From: "Fernando Hevia" <fhevia(at)ip-tel(dot)com(dot)ar>
To: "'Scott Marlowe'" <scott(dot)marlowe(at)gmail(dot)com>
Cc: "'Hengky Lie'" <hengkyliwandouw(at)gmail(dot)com>,"'pgsql-sql'" <pgsql-sql(at)postgresql(dot)org>
Subject: Re: Pls Hlp: SQL Problem
Date: 2008-09-15 20:14:25
Message-ID: 019001c9176f$a5ff7200$8f01010a@iptel.com.ar (view raw or flat)
Thread:
Lists: pgsql-sql
 

> -----Mensaje original-----
> De: Scott Marlowe [mailto:scott(dot)marlowe(at)gmail(dot)com] 

> >
> > Consider that if you are NOT going to use the decimals you should 
> > really use integer or bigint datatypes. The numeric type 
> compute much 
> > slower than integer datatypes.
> 
> Note that if you're just converting the output the cost is 
> minimal compared to if you're doing all your math in numeric. 
>  It's when you force math to happen that numeric is slower, 
> but numeric's gotten a lot of tuning in the last few years 
> and it's withing a few percentage
> of integer for most measurements.   Definitely not twice as slow or
> anything like they once were.
> 

Well, in that case the manual should be revised.

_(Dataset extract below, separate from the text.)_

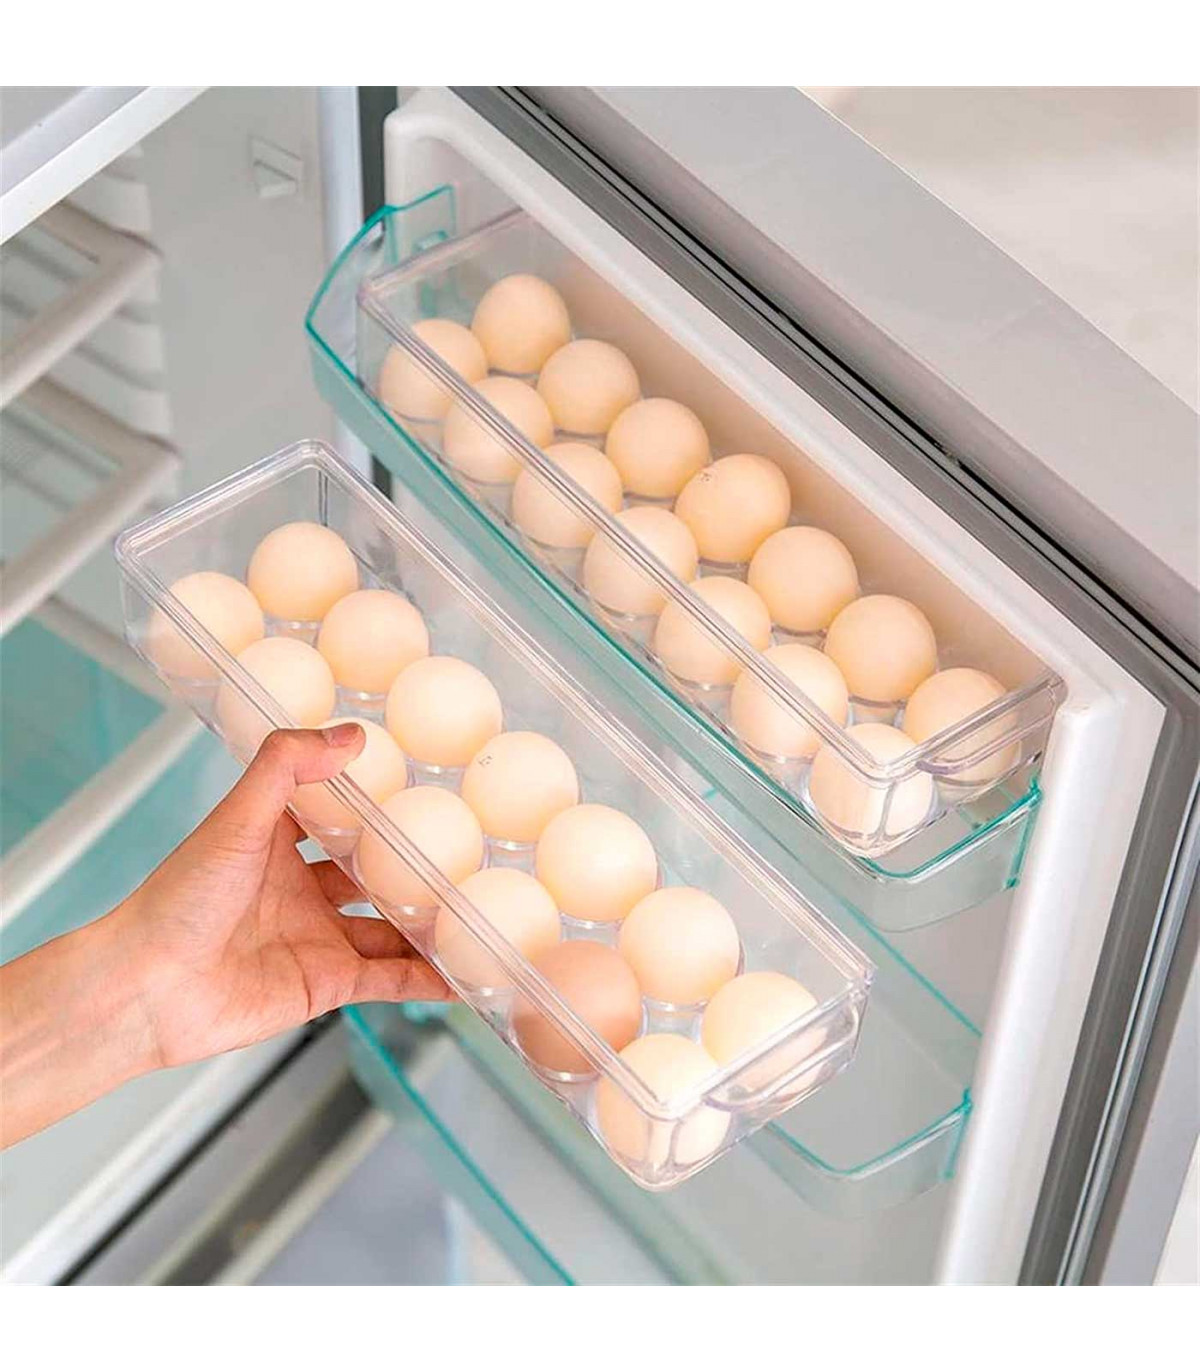 https://tradineur.com/64263-superlarge_default/tradineur--huevera-rectangular-plastico-transparente-recipiente-para-14-huevos-almacenamiento-de-cocina-115-x-37-x-8-cm.jpg
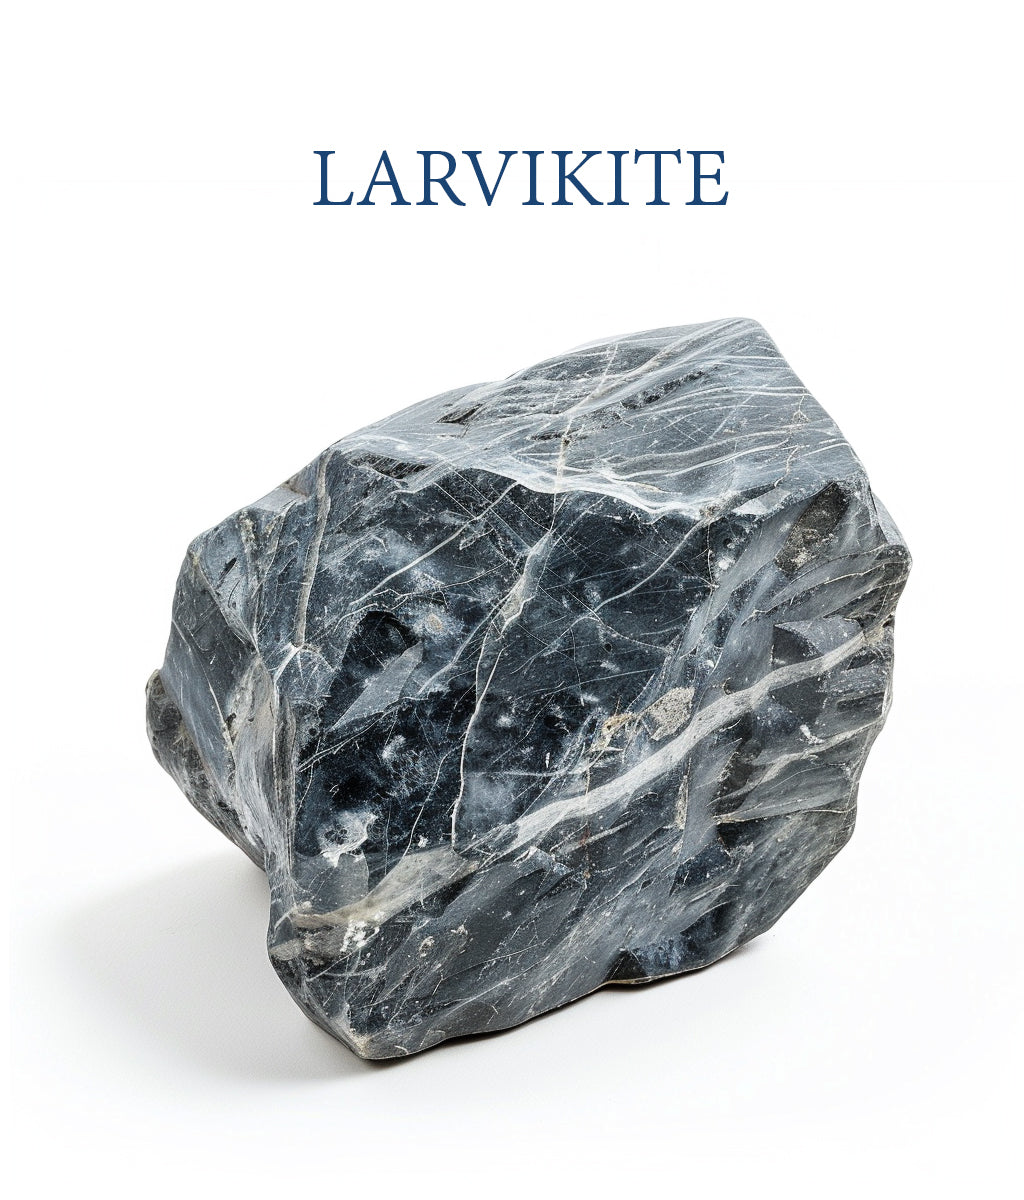 Larvikite

8.1.2. Arbitrary Precision Numbers

The type numeric can store numbers with up to 1000 digits of precision and
perform calculations exactly. It is especially recommended for storing
monetary amounts and other quantities where exactness is required. However,
arithmetic on numeric values is __very slow__ compared to the integer types,
or to the floating-point types described in the next section. 

Ref: http://www.postgresql.org/docs/current/static/datatype-numeric.html

The explicit "very slow" assertion scared me quite enough so to avoid
numeric types where possible.

Regards,
Fernando.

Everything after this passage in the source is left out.